We are a long way from sundown on the Strip and much of contemporary Hollywood too, and so much the better. One of the most creatively restless filmmakers working the studio system today, Mr. Soderbergh has for a number of years divided his time and energy between expensive, star-studded productions like the “Ocean’s” films and smaller projects like “Bubble” (shot in high-definition digital without professional actors). With any other director, the tendency would be to classify the smaller, cheaper films as personal and the bigger, costlier ventures as strictly professional, pounds of flesh that an artist like Mr. Soderbergh must forfeit for experiments (and box office flops) like “The Good German” and his touching, unloved remake of Andrei Tarkovsky’s “Solaris.”

Yet to watch Mr. Clooney, Mr. Pitt and Mr. Damon in the “Ocean’s” films, along with those other merry men — Don Cheadle, Andy Garcia, Bernie Mac, Carl Reiner, Casey Affleck, Scott Caan, Eddie Jemison and Shaobo Qin — is to realize that it’s a mistake to separate Mr. Soderbergh’s personal visions from his professional commitments. All the films are strictly personal; it is just that some, like “The Good German,” have been made more for Mr. Soderbergh’s pleasure than for ours. Part of what makes the “Ocean’s” films, even the self-indulgent second installment, so enjoyable is that they’re not only about Mr. Soderbergh’s obsessive aesthetic investment in every single shot, but they’re also about him trying to make the audience love his images every bit as much as he does.

This isn’t about compromise; it’s about locating that sweet spot between the work of art and the audience, and turning a private reverie into a public expression. One of the truths about Mr. Soderbergh is that while his heart and head seem to lean toward more rarefied film practices, evidenced by his (improved) remake of an art-house heavyweight like “Solaris” and his aggressively anti-aesthetic exercise like “Bubble,” he has over the years also mastered classic Hollywood techniques brilliantly. Playing inside the box and out, he has learned to go against the grain while also going with the flow. In “Ocean’s Thirteen” he proves that in spades by using color like Kandinsky and hanging a funny mustache on Mr.
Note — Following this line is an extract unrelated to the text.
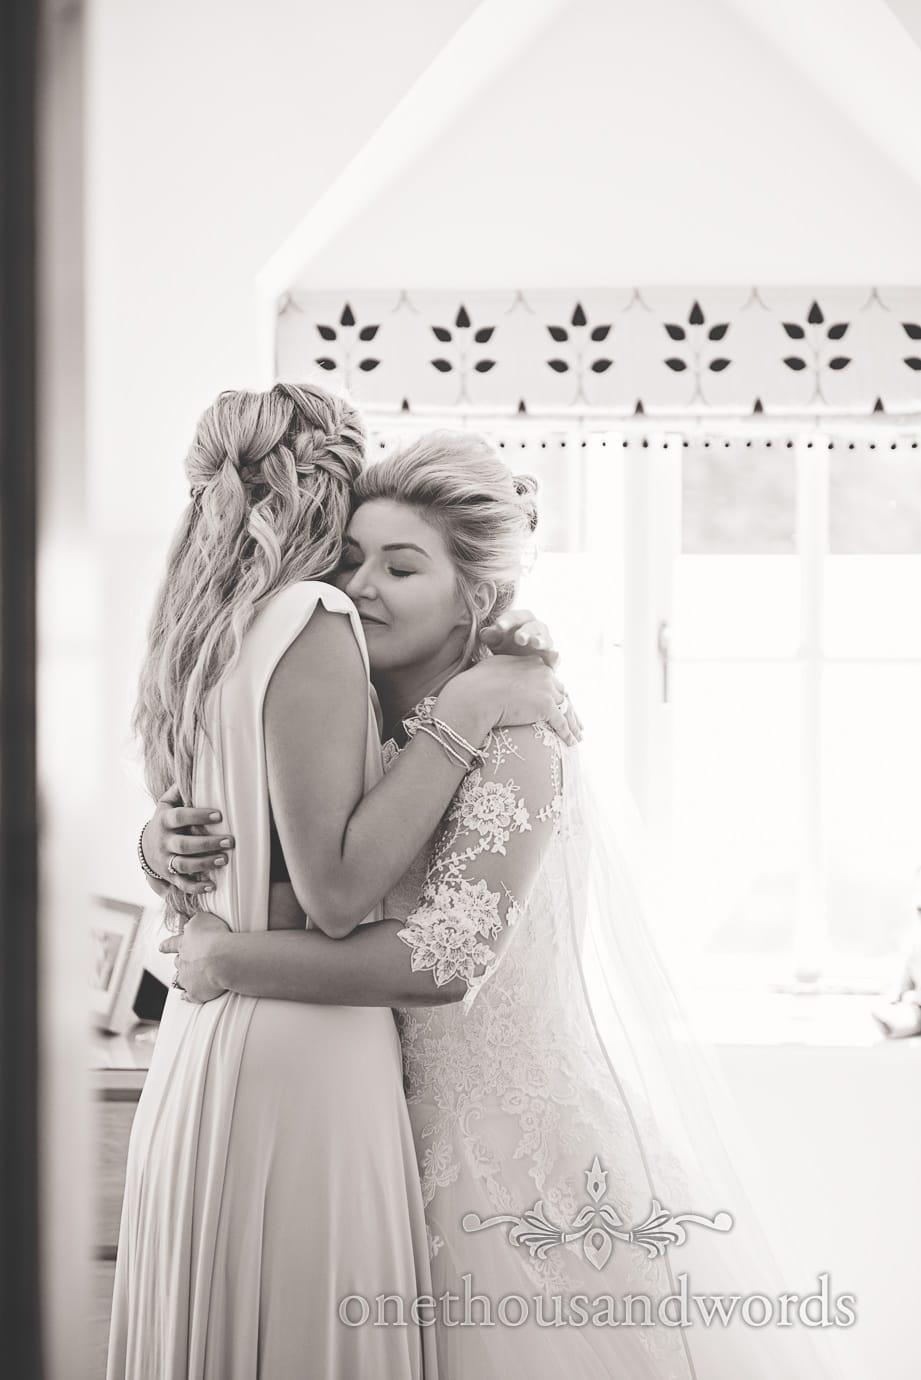 Black and white documentary wedding photograph of bride hugging bridesmaid on wedding morning

Clooney’s luscious mug, having become a genius of the system he so often resists.

“Ocean’s Thirteen” is rated PG-13. (Parents strongly cautioned.) Gambling looks mighty fun in this film, as does larceny.

OCEAN’S THIRTEEN

Opens today nationwide.

Directed by Steven Soderbergh; written by Brian Koppelman and David Levien; cinematography by Mr. Soderbergh (as Peter Andrews) edited by Stephen Mirrione; music by David Holmes; production designer, Philip Messina; produced by Jerry Weintraub; released by Warner Brothers Pictures. Running time: 113 minutes.

WITH: George Clooney (Danny Ocean), Brad Pitt (Rusty Ryan), Matt Damon (Linus Caldwell), Andy Garcia (Terry Benedict), Don Cheadle (Basher Tarr), Bernie Mac (Frank Catton), Ellen Barkin (Abigail Sponder), Al Pacino (Willy Bank), Casey Affleck (Virgil Malloy), Scott Caan (Turk Malloy), Eddie Jemison (Livingston Dell), Shaobo Qin (Yen), Carl Reiner (Saul Bloom) and Elliott Gould (Reuben Tishkoff).